THÉÂTRE : Retisser le fil d’Ariane

Gabriel Léger-Savard et Marilyn Daoust, photos: Julie Artacho

La fin d’un amour, la fin de tout amour. Ne vit-on pas à une triste époque où le mot qui rime avec toujours semble parfois évoquer une sorte de non-lieu. Le spectacle L du déluge de Gabriel Léger-Savard et de Marilyn Daoust explore cette idée en appelant au chevet de l’amour des mythes anciens et, qui sait, de nouveaux.

Il existe huit différents types d’amour selon les Grecs de l’Antiquité. De nos jours, l’amour de soi (Philautia) semble avoir pris le pas sur tous les autres, quoique l’érotisme (Eros), l’amour ludique (Ludus) et l’obsessionnel (Mania) occupent également beaucoup de place. Dans L du déluge, le personnage principal, Ariane, voit son amour affectueux (Philia) qu’elle croyait éternel (Pragma) disparaître de sa vie.

C’est l’histoire d’un amour perdu pour expliquer un monde en perdition. Un monde qui fait tout pour oublier, ne plus penser, et surtout, se protéger d’un éventuel autre amour.

« De nos jours, on est dans un entre-deux de l’histoire, un tournant, je crois. On a l’impression d’être à la fin de quelque chose et au début d’on ne sait trop quoi encore. Il y a de l’incertitude, de l’amertume, de la peur, comme lorsque se termine une histoire amoureuse », note Gabriel Léger-Savard.

Le dramaturge et interprète décrit le « L » du déluge, dans le titre, de diverses façons. Il s’agit à la fois de la lettre au milieu du mot, un déluge de pluie aussi ainsi que de pleurs qui suivent l’échec amoureux. Le « L » évoque enfin un angle de 90 degrés, un changement de direction, donc, dans une épopée des cœurs brisés.

Poussée par un chœur de 11 interprètes, le personnage d’Ariane se dirige peu à peu vers une reconstruction de l’intime et du collectif, réagissant au désœuvrement et au désamour. Telle une Noé moderne sur son arche, elle affronte le déluge pour renaître sous une autre forme.

« Le texte est venu en premier, confirme l’auteur. Je voulais parler de la rupture et du déchirement en les rattachant aux mythes.
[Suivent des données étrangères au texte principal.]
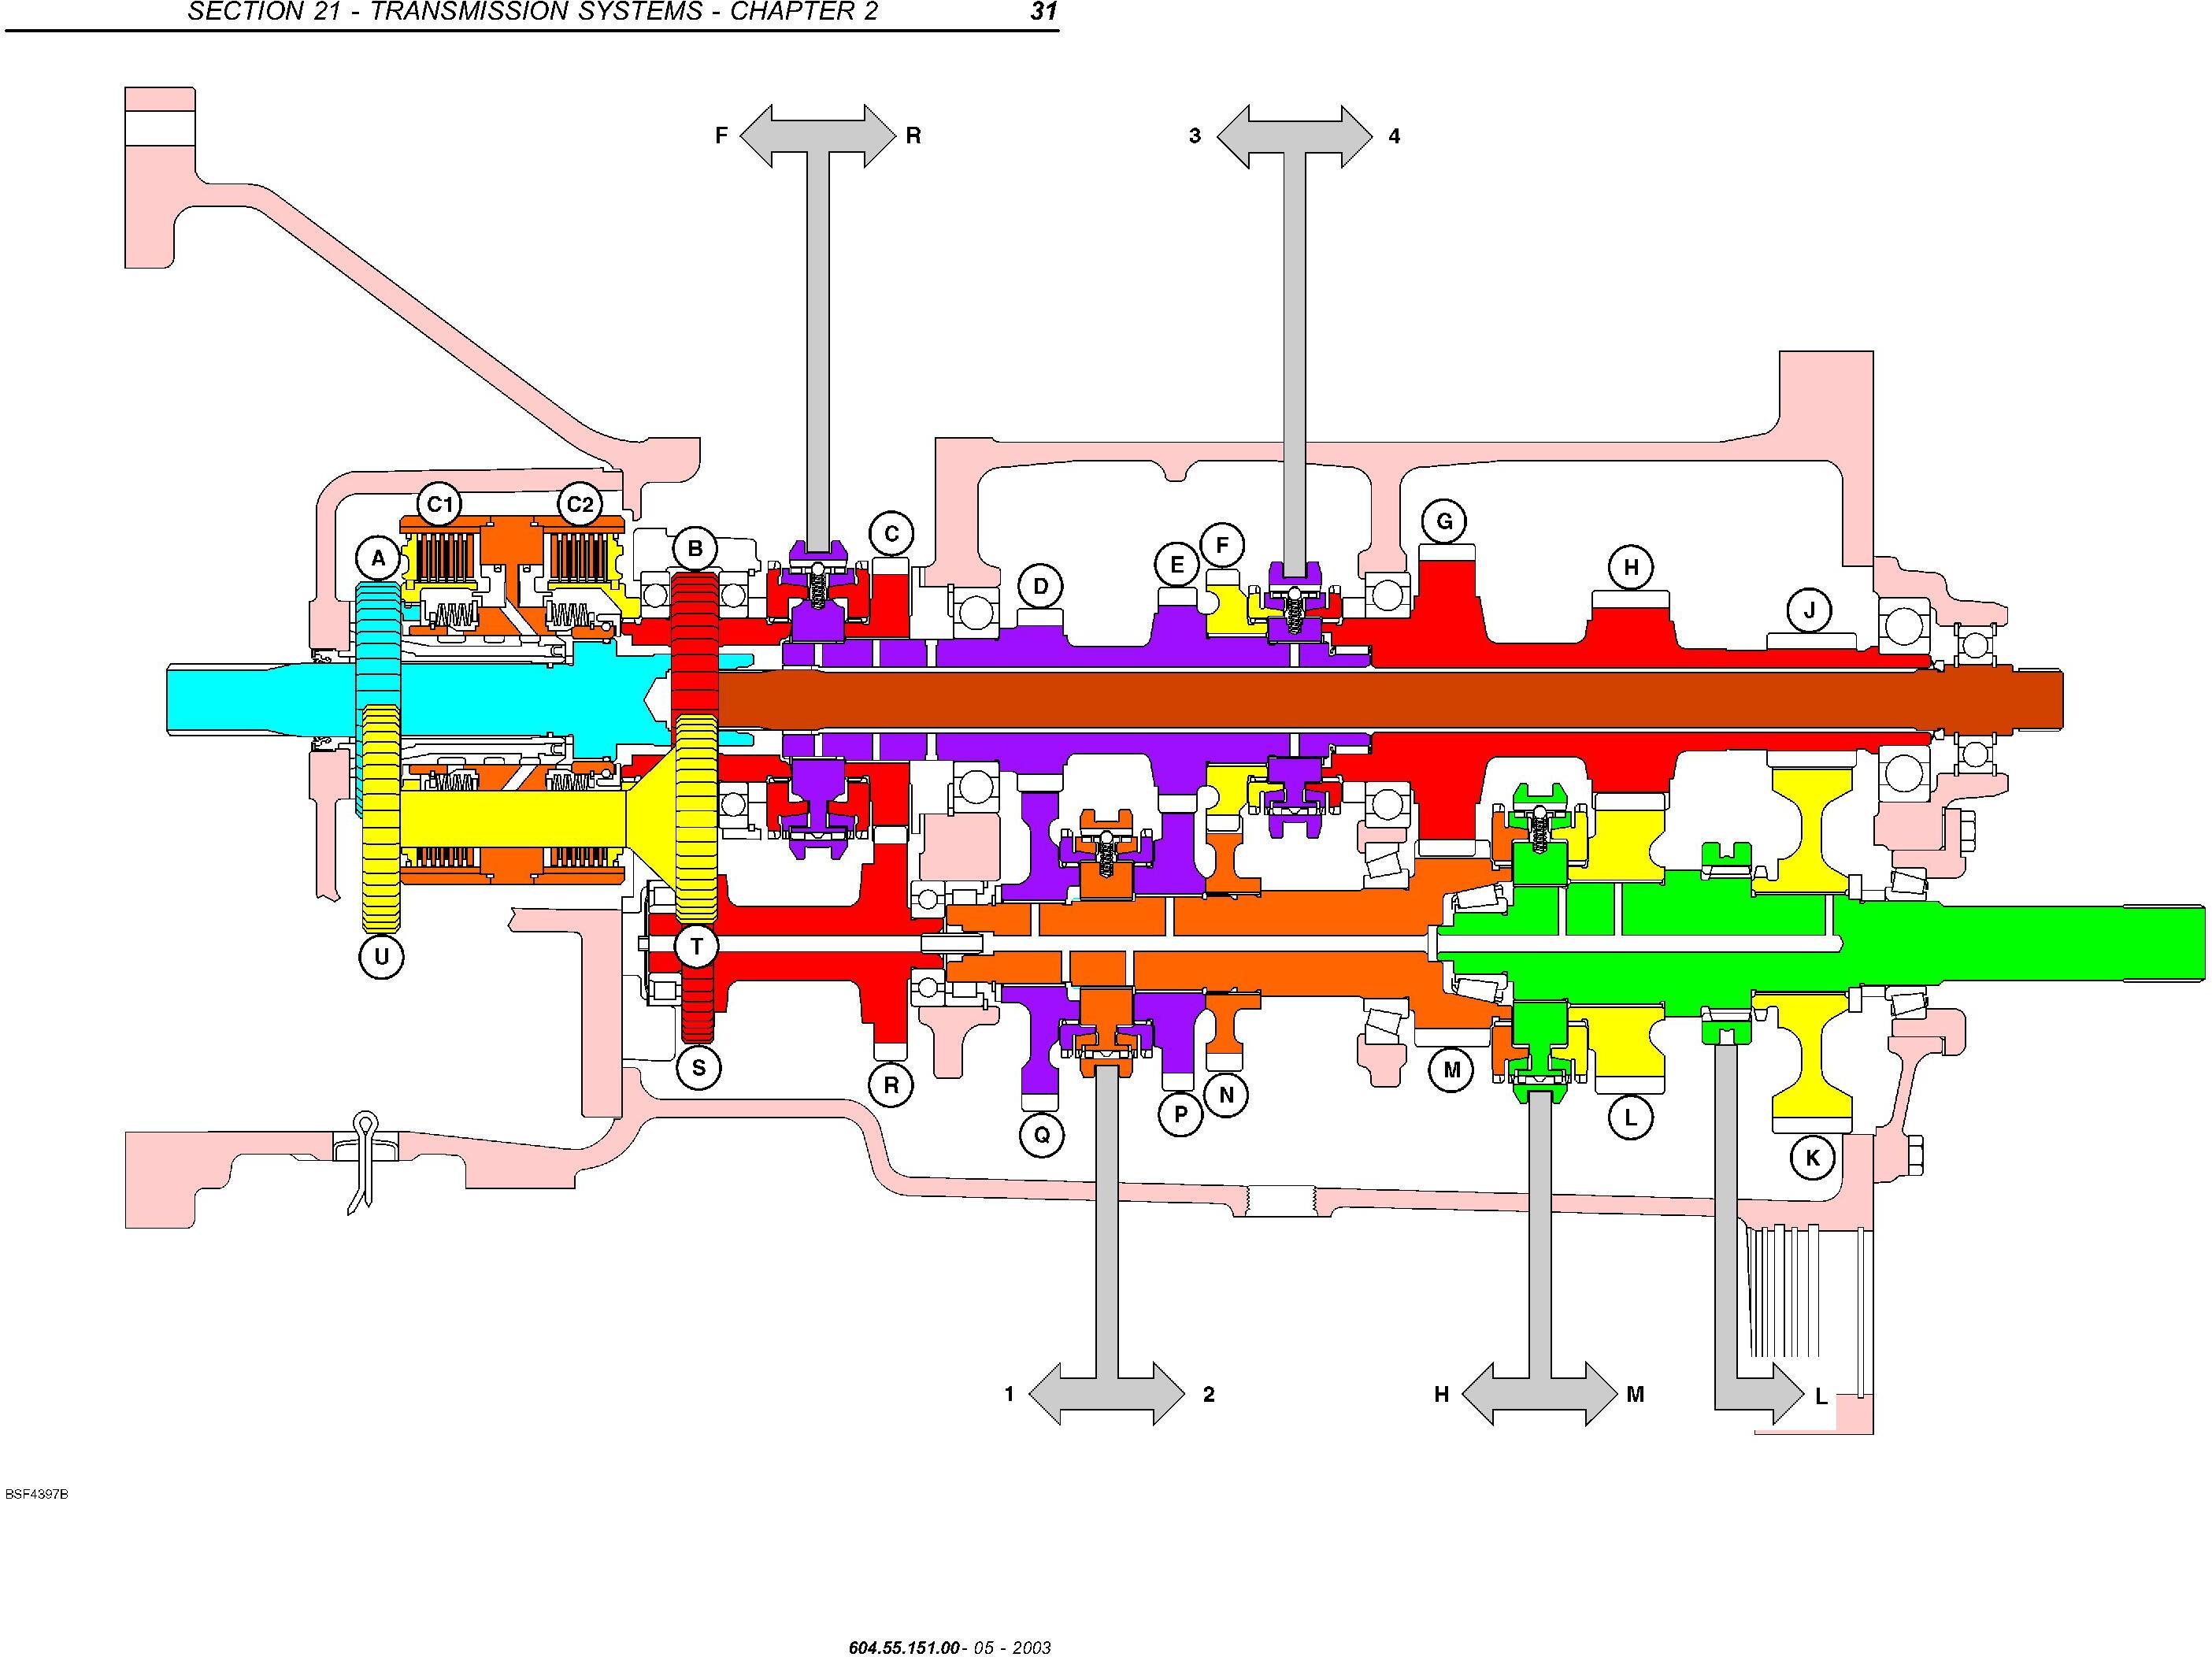 New Holland TS100A, TS110A, TS115A, TS125A, TS130A, TS135A Service Manual - 3

Je crois qu’on se doit comme créateurs de tenter de créer de nouvelles mythologies pour notre époque. »

Avec cette vision des choses, on ne sera pas surpris d’apprendre que Gabriel Léger Savard a déjà vécu de multiples expériences théâtrales : travail corporel, chœur, objets, ombres, écriture, mise en scène, radio, podcast, télévision, publicité et théâtre de rue. Travaillant surtout comme interprète depuis dix ans, il en est à sa deuxième collaboration, après Le temps des fruits, avec la chorégraphe et danseuse Marilyn Daoust.

 » Quand on s’est rencontrés, on a tout de suite connecté sur ce qu’on voulait faire ensemble, dit celle-ci. Le texte de L du déluge m’a interpellé. J’ai vu toutes les possibilités que cela ouvrait pour la danse. C’est très inspirant. »

Marilyn Daoust

Marilyn Daoust a commencé sa carrière il y a une dizaine d’années également. Comme chorégraphe, elle a travaillé au théâtre avec des metteurs.teuses en scène comme Angela Konrad, Florent Siaud et Nini Bélanger. Elle est actuellement en création de la pièce installative Material Relations avec l’artiste danoise Anna Stamp Møller.

Ici, performance, chant et musique, théâtre et danse composent cette oeuvre interdisciplinaire qui occupe 12 interprètes à différents niveaux : Leila Donabelle Kaze, Rasili Botz, Claudia Chan Tak, Laura Côté-Bilodeau, Sarah Desjeunes Rico, Simon Fournier, Charbel Hachem, Karina Iraola, Marie-Pier Labrecque, Janie Lapierre, Gabrielle Poulin et Mireille Métellus, « qui bouge très bien » souligne la chorégraphe.

Gabrielle Léger-Savard décrit une « scénographie assez dépouillée », qui ne cherchera pas à démultiplier le sens d’un texte assez complexe. « N’empêche qu’il s’agit d’une « assez grosse production pour nous, il y a beaucoup de travail derrière tout ça », complète Marilyn Daoust.

Retisser le fil d’Ariane à une époque cynique comme la nôtre demande, certes, du courage et de la vision. Mythifier sans mystifier, aussi. Le naturalisme et le réalisme ont beaucoup occupé nos scènes depuis la montée en force du théâtre documentaire.

Peut-être que l’on peut enfin commencer à rêver mieux.


L du déluge est présenté au Théâtre La Chapelle du 28 novembre au 6 décembre.